> [DATA EXCERPT]:
# # # # # # #

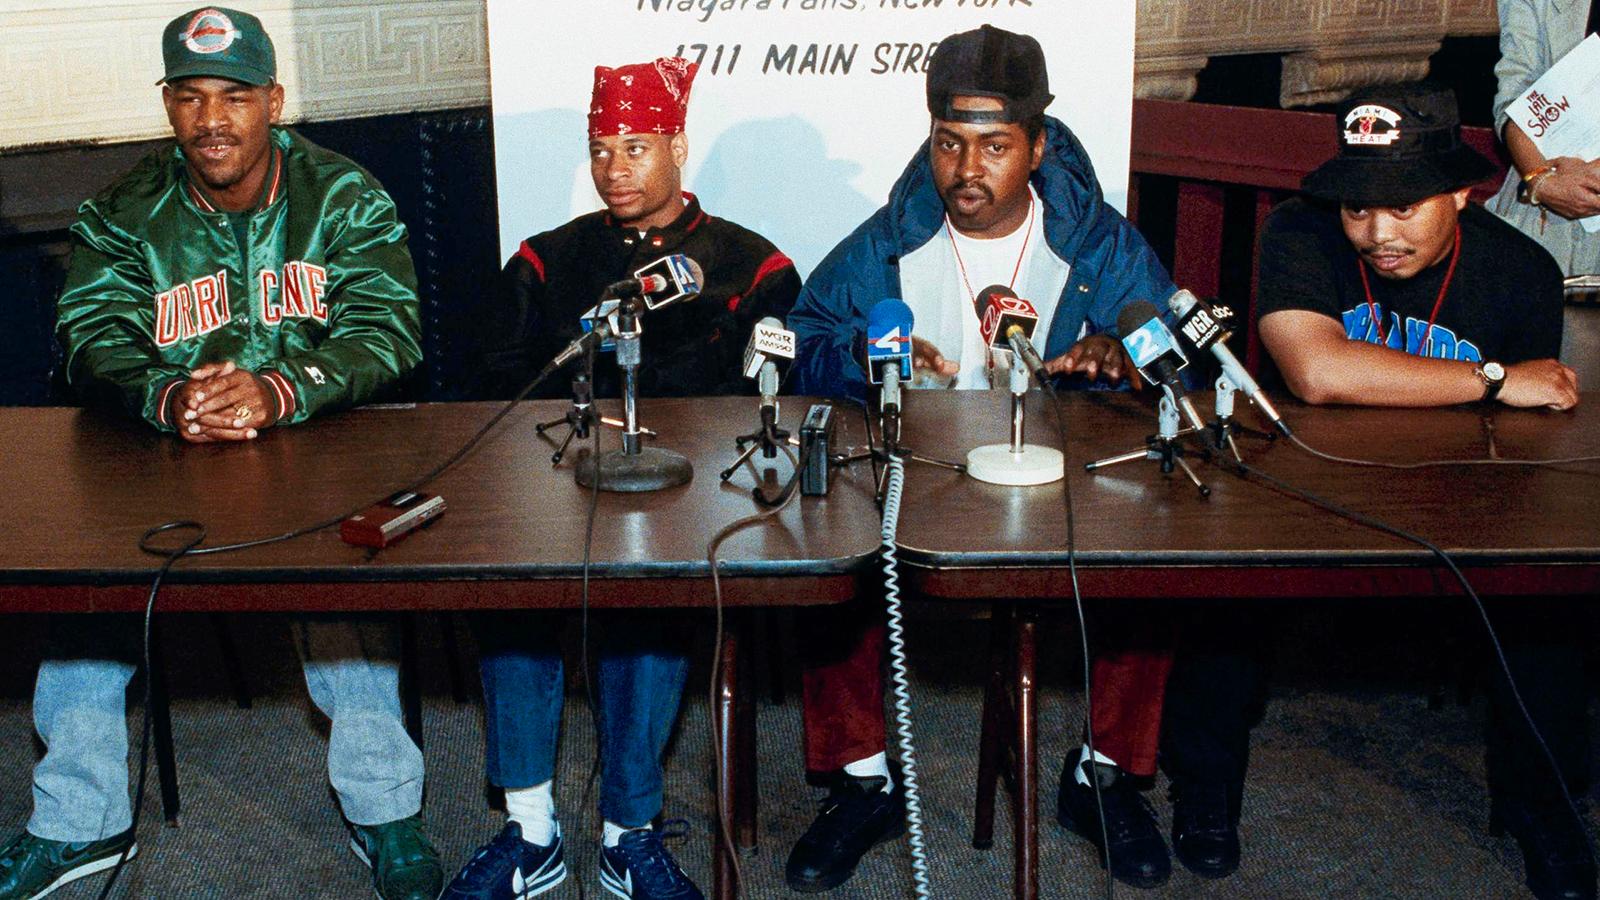 Hiphopgruppen 2 Live Crews medlem Fresh Kid Ice (längst till höger) har gått bort. 
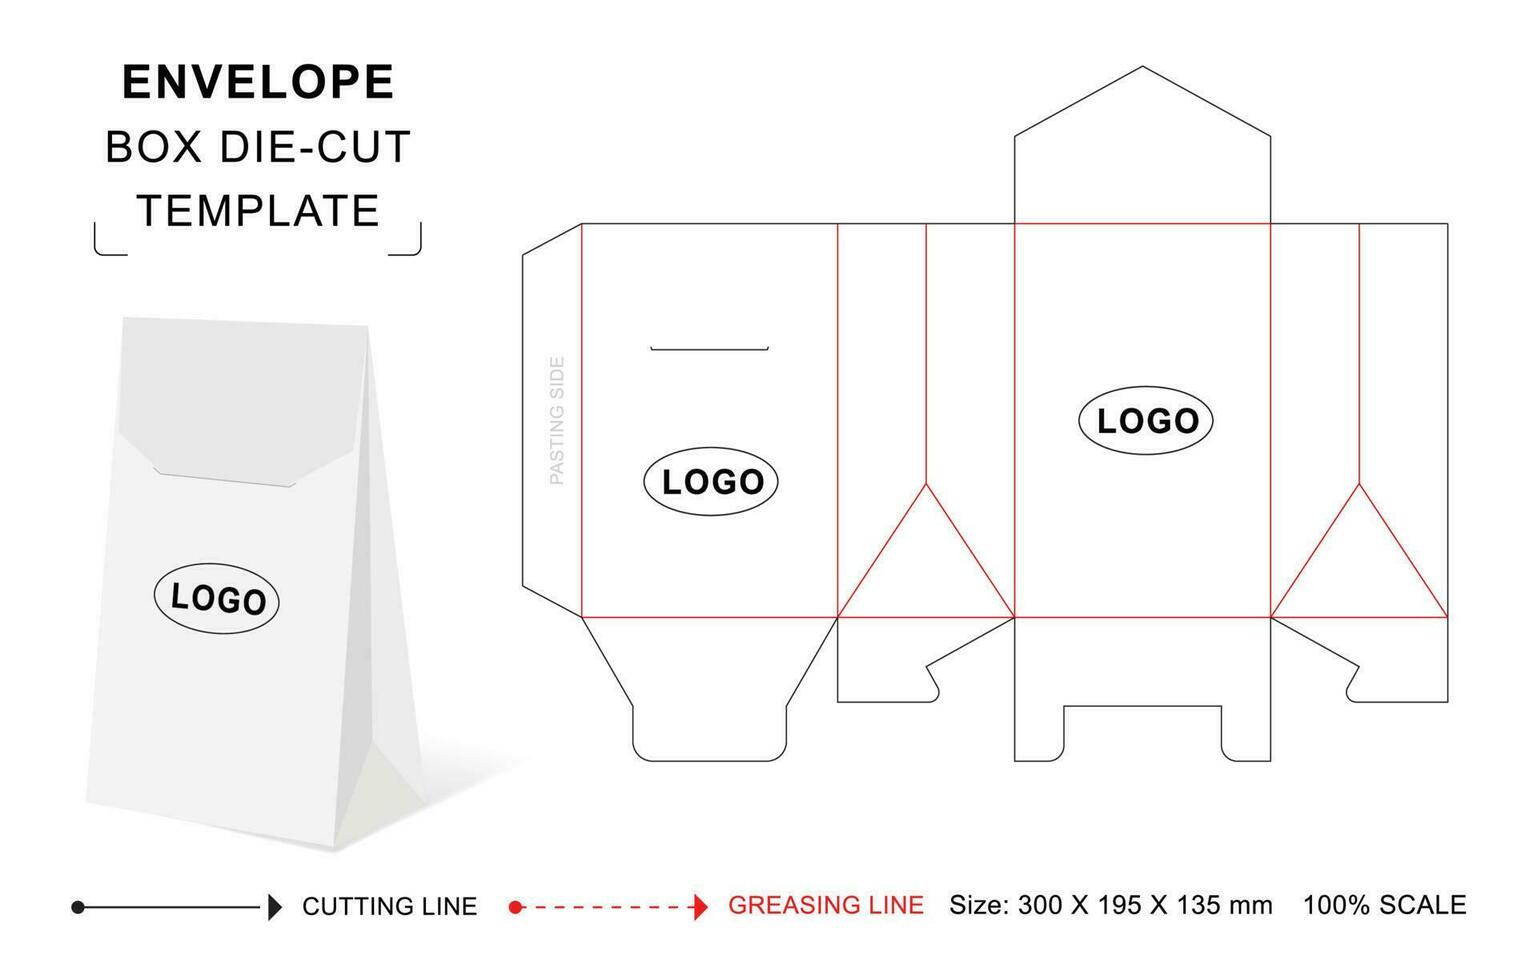 Envelope box die cut template vector
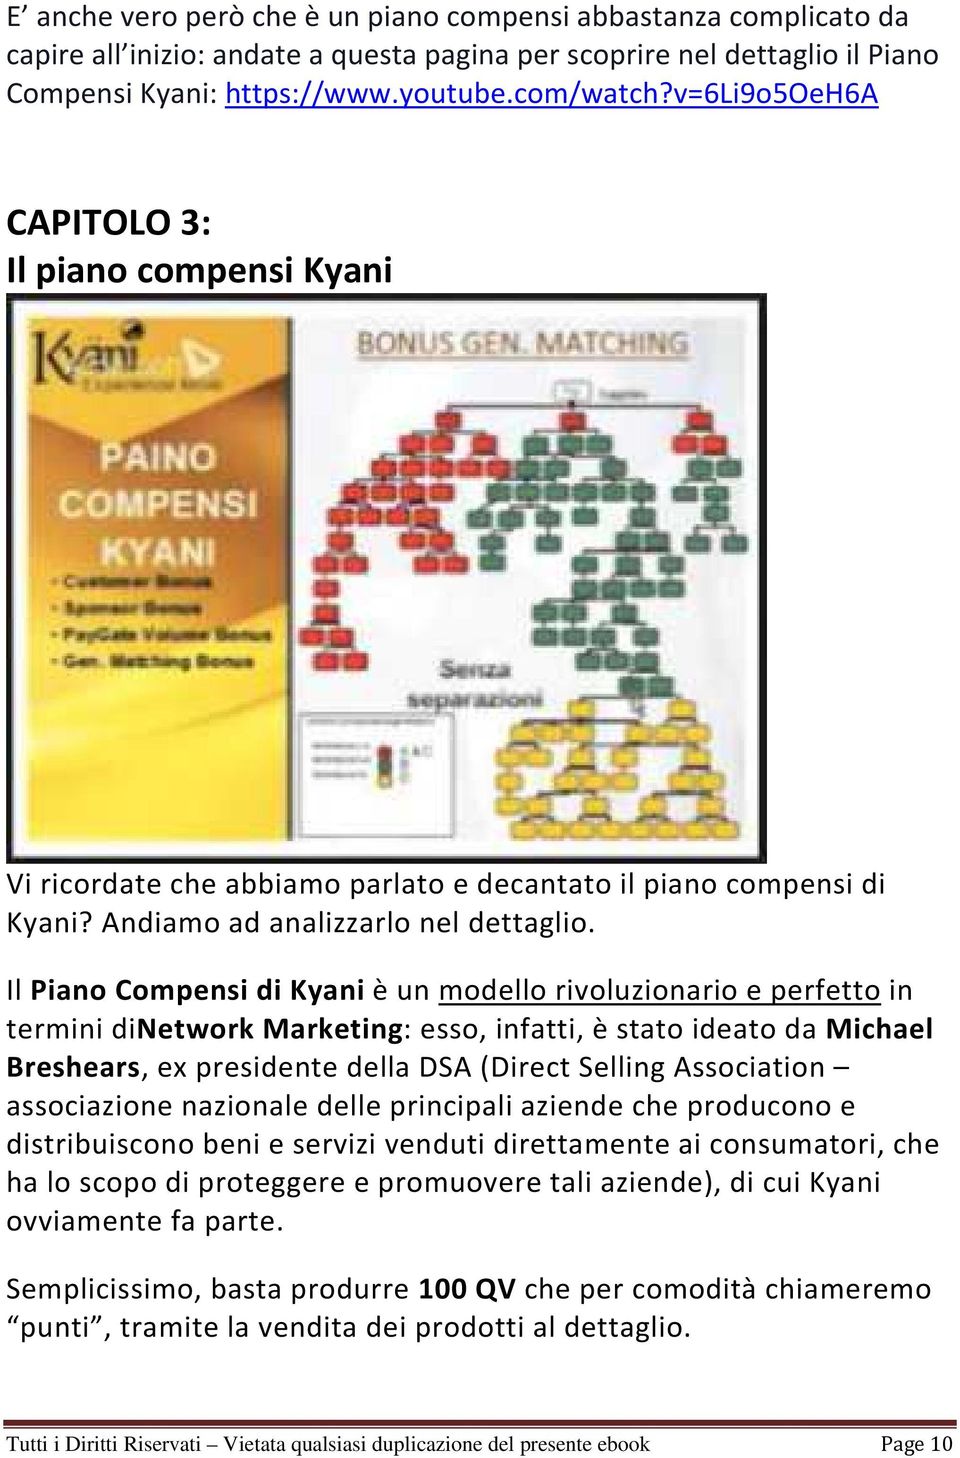 Il Piano Compensi di Kyani è un modello rivoluzionario e perfetto in termini dinetwork Marketing: esso, infatti, è stato ideato da Michael Breshears, ex presidente della DSA (Direct Selling
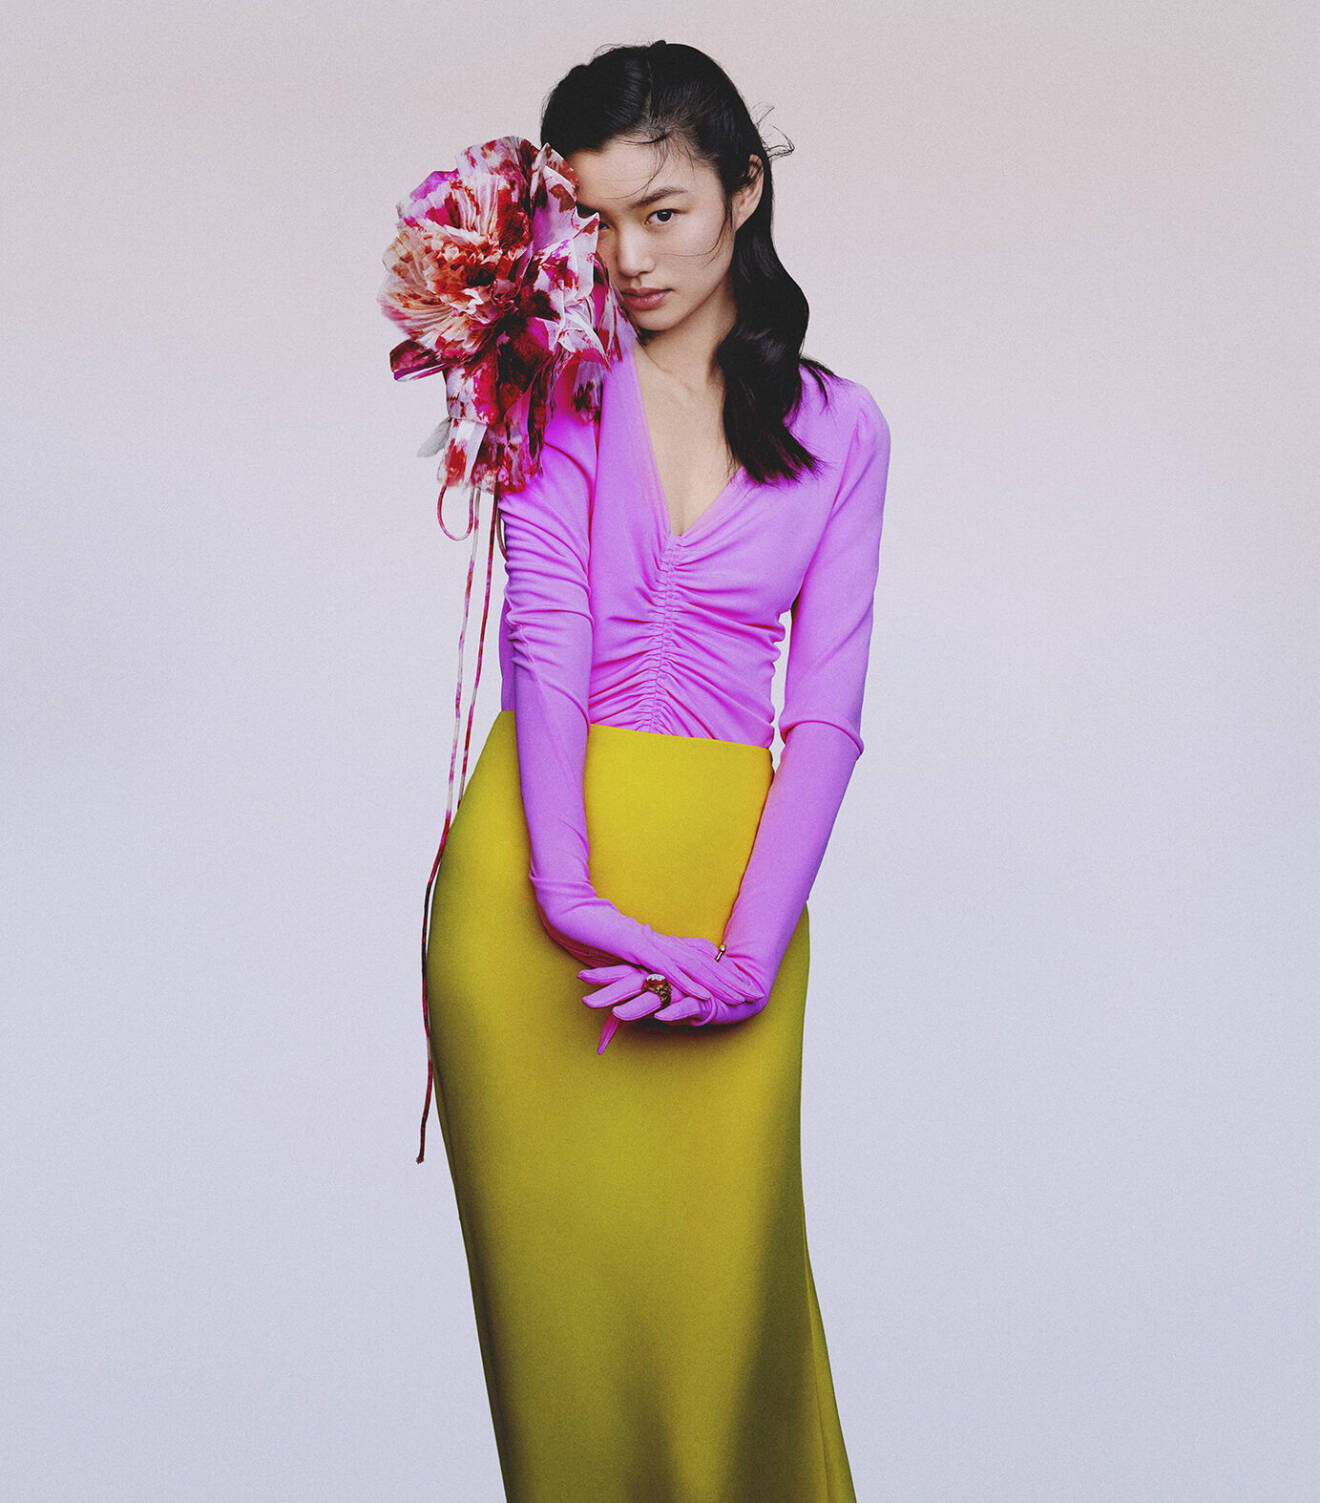 Modellen har på sig en lila topp med handskar, en gul långkjol och en stor blom-accessoar fäst på axeln

# # # # # # #

> [WORK REQUEST]:
Transcribe the listing above verbatim. No picture belongs in the result.

> [OUTPUT FOR THIS EXERCISE]:
 Hiphopgruppen 2 Live Crews medlem Fresh Kid Ice (längst till höger) har gått bort. 
 Envelope box die cut template vector
 Il Piano Compensi di Kyani è un modello rivoluzionario e perfetto in termini dinetwork Marketing: esso, infatti, è stato ideato da Michael Breshears, ex presidente della DSA (Direct Selling
 Modellen har på sig en lila topp med handskar, en gul långkjol och en stor blom-accessoar fäst på axeln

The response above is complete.